= WHAT IS REQUIRED =
Every line below must come back exactly as it stands, with the images omitted.

= EXERCISE DATA =
-=-=-

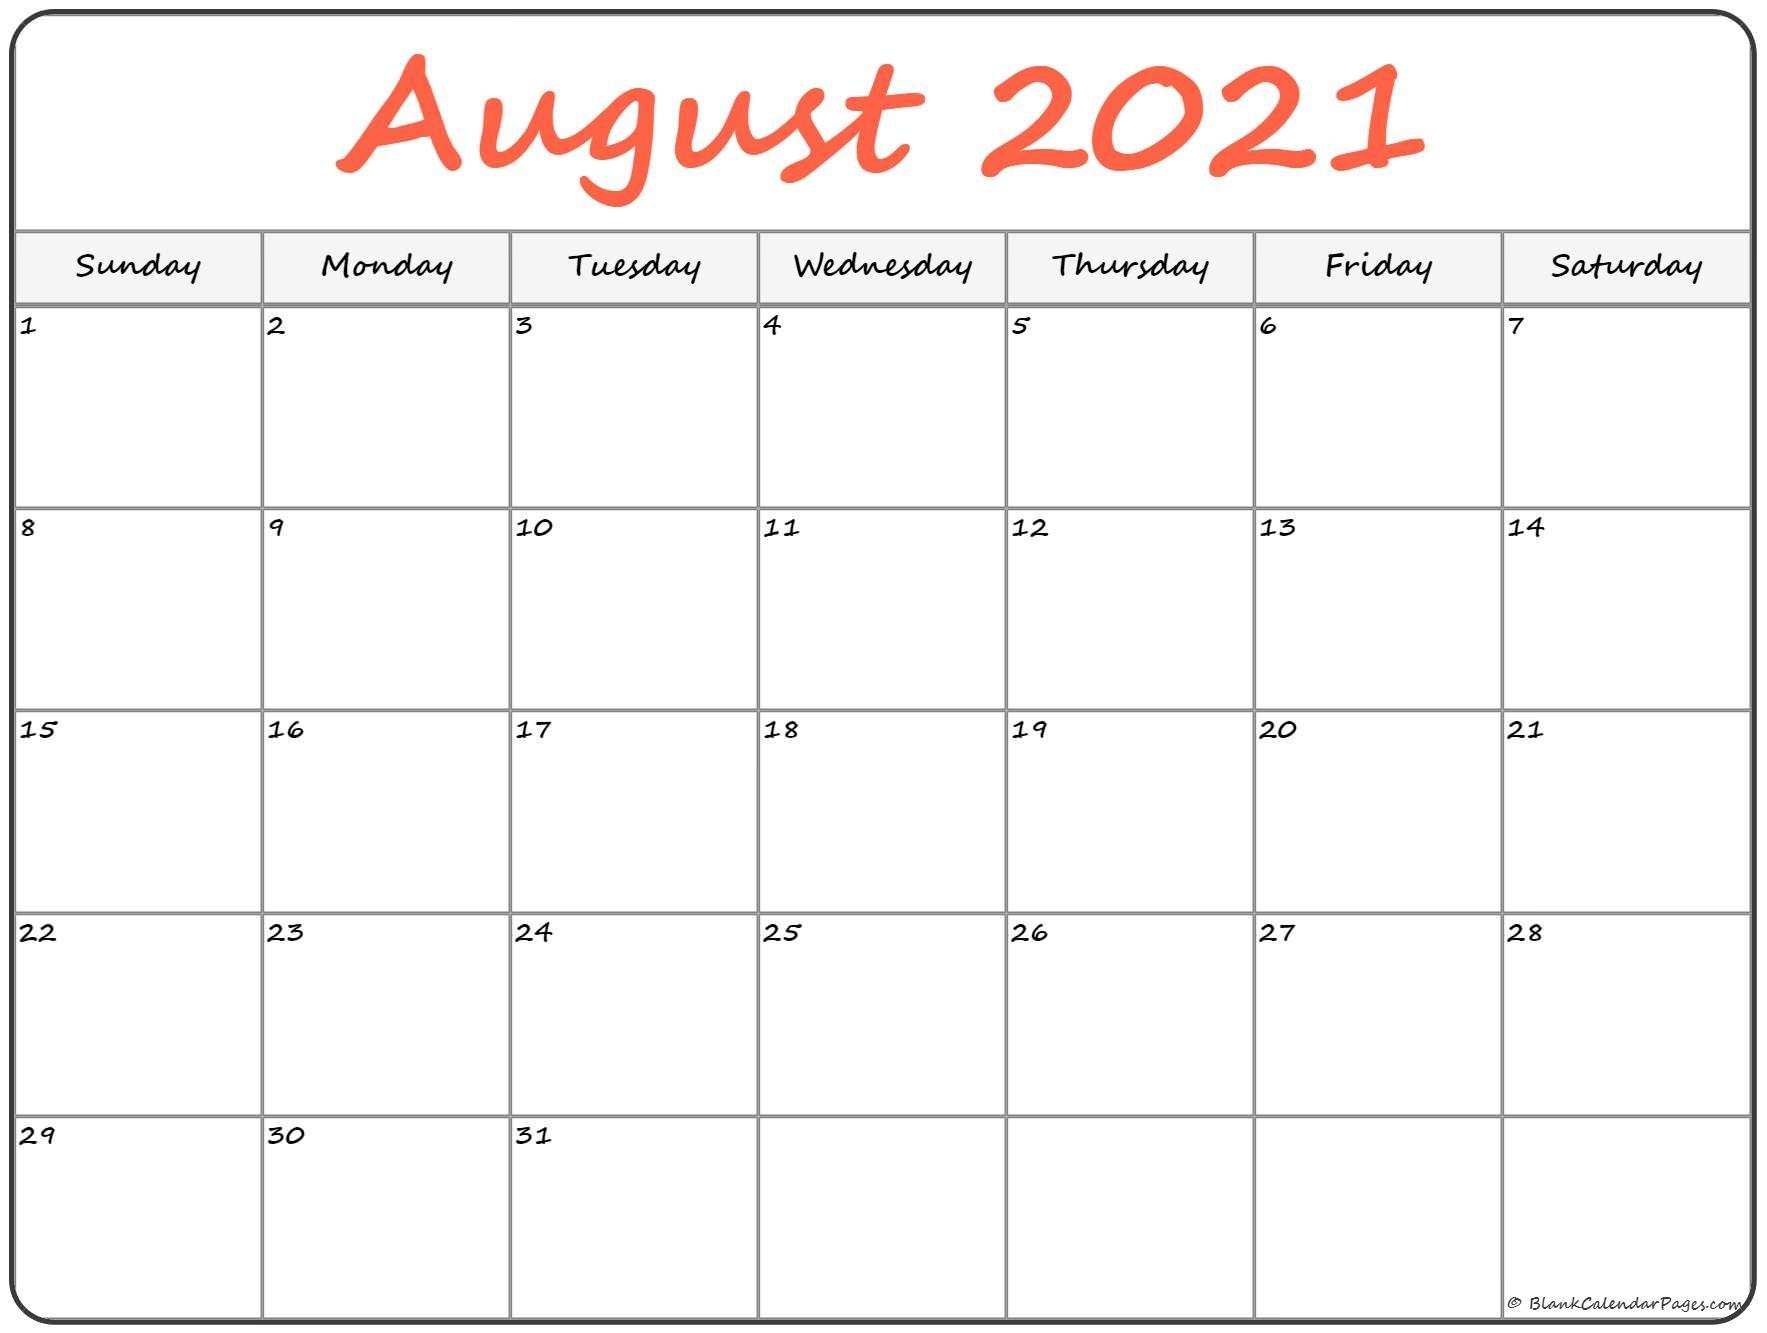 Get Leo August 2021 Calender
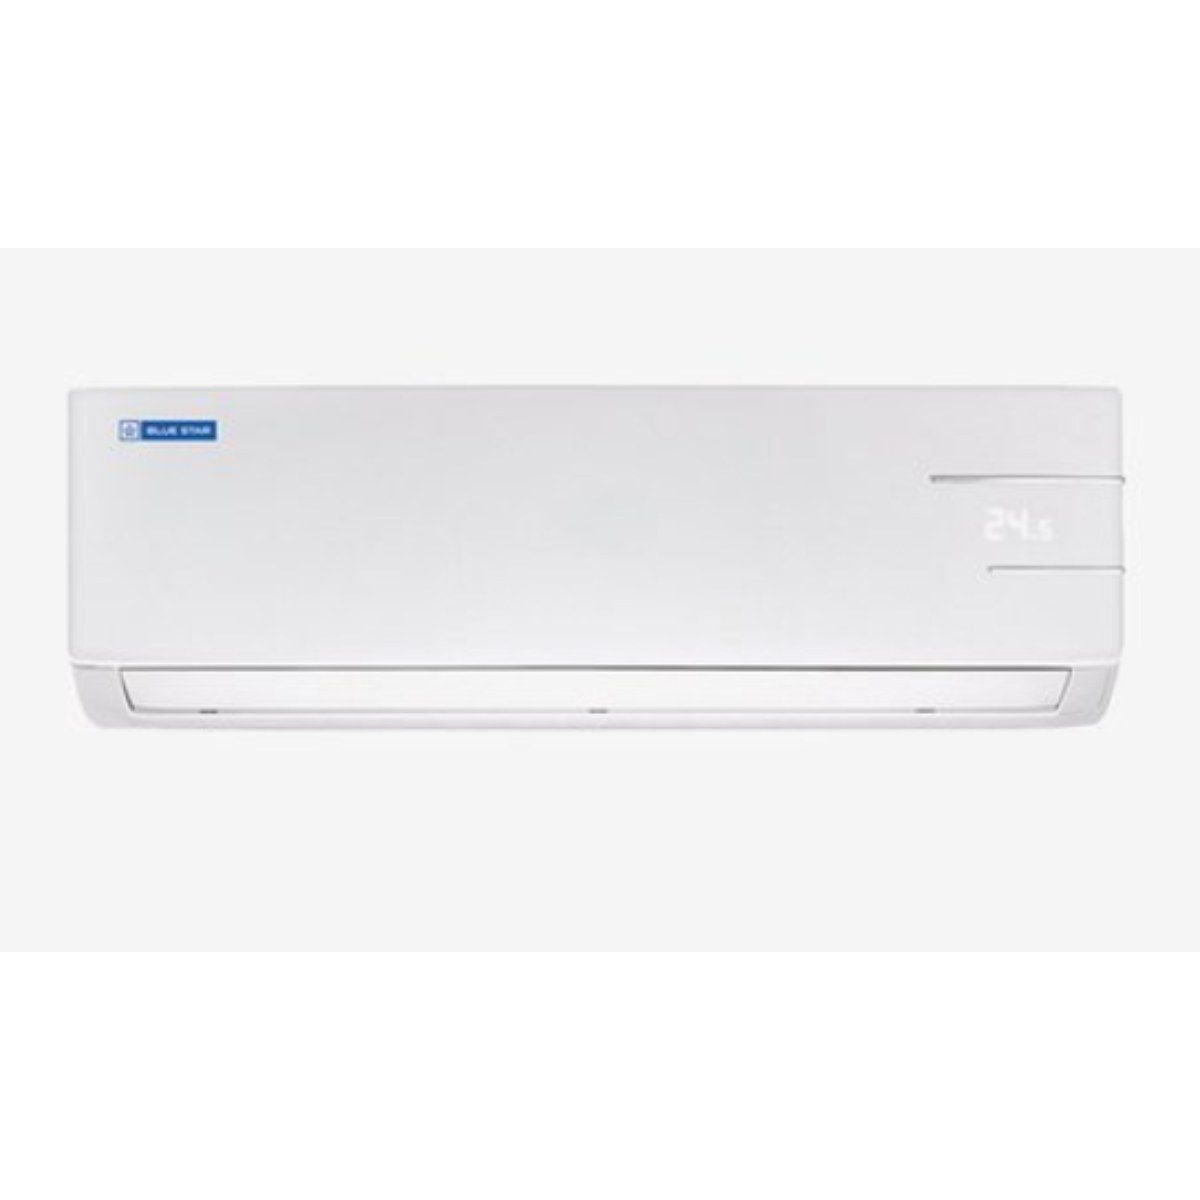 Blue Star 1 Ton 3 Star Split Air Conditioner(FS312YATU)
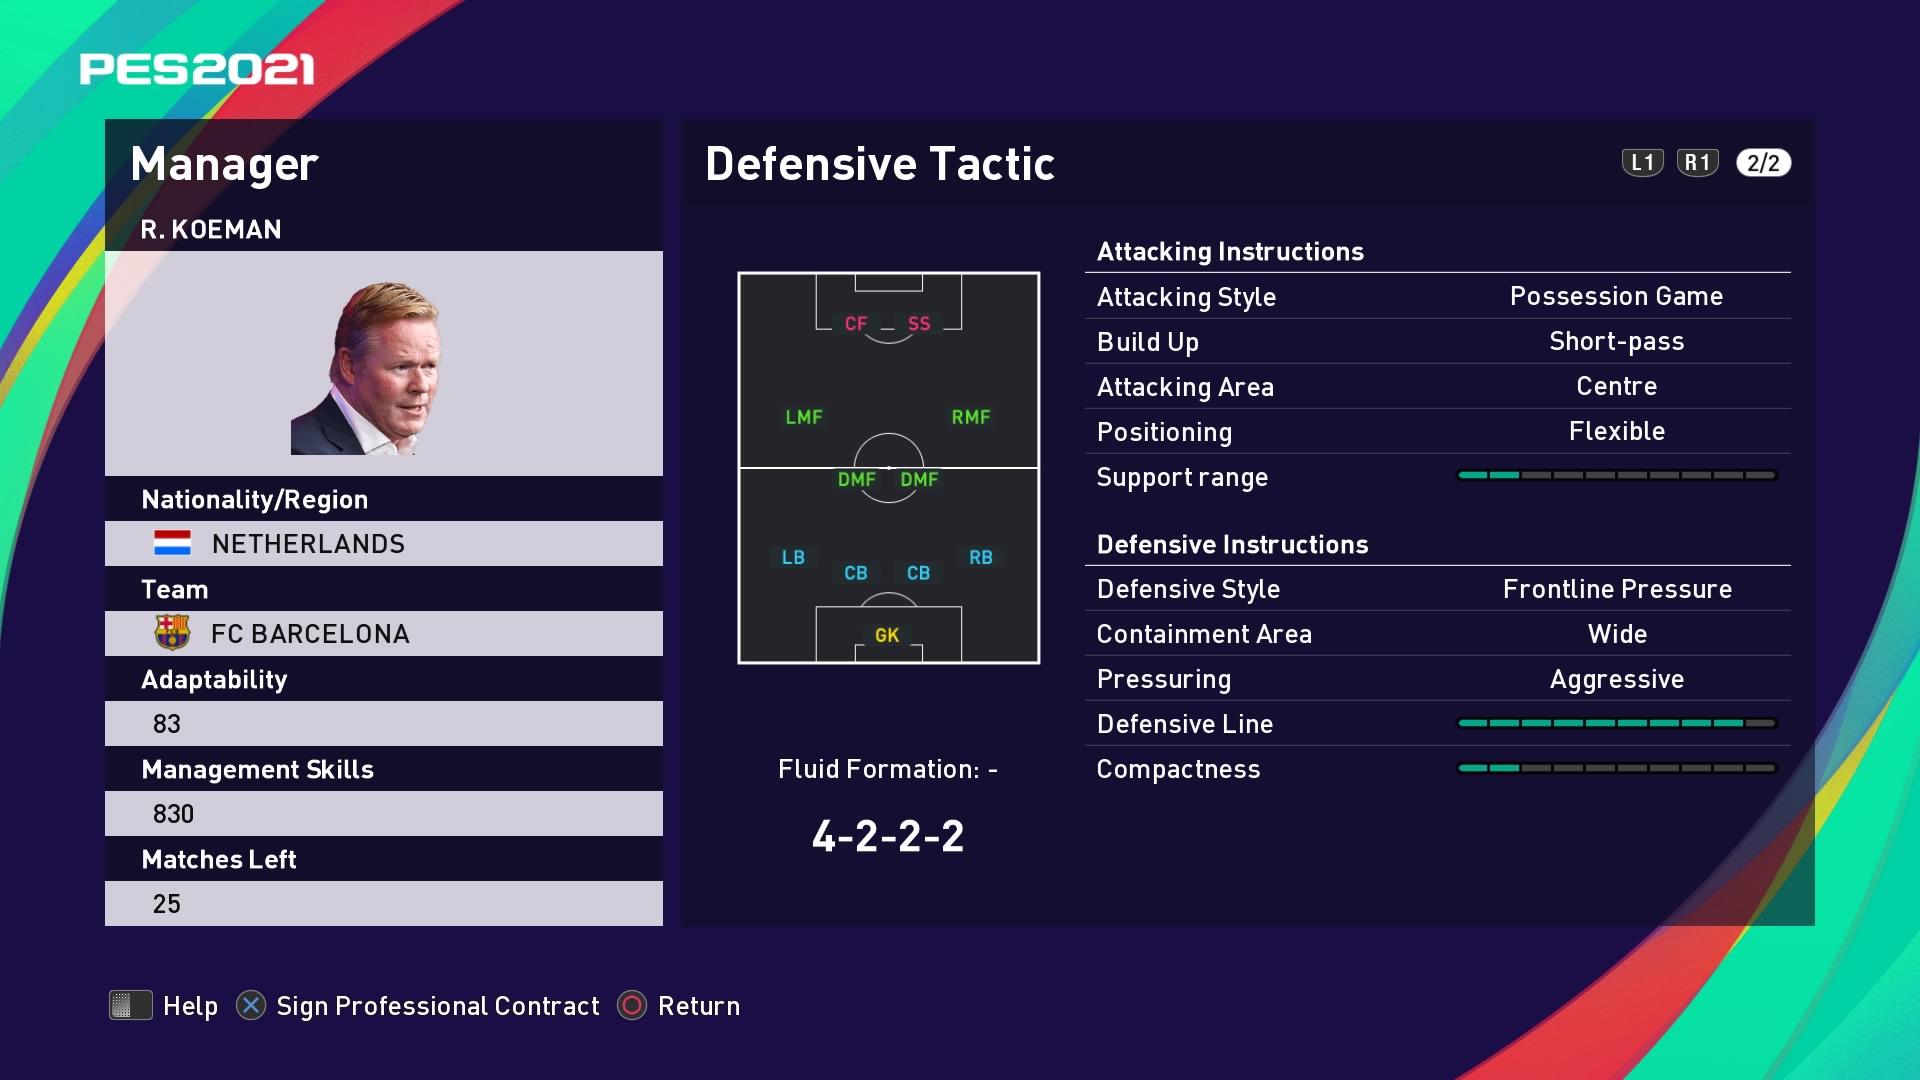 R. Koeman (2) (Ronald Koeman) Defensive Tactic in PES 2021 myClub

-=-=-

= EXERCISE SOLUTION =
 Get Leo August 2021 Calender
 Blue Star 1 Ton 3 Star Split Air Conditioner(FS312YATU)
 R. Koeman (2) (Ronald Koeman) Defensive Tactic in PES 2021 myClub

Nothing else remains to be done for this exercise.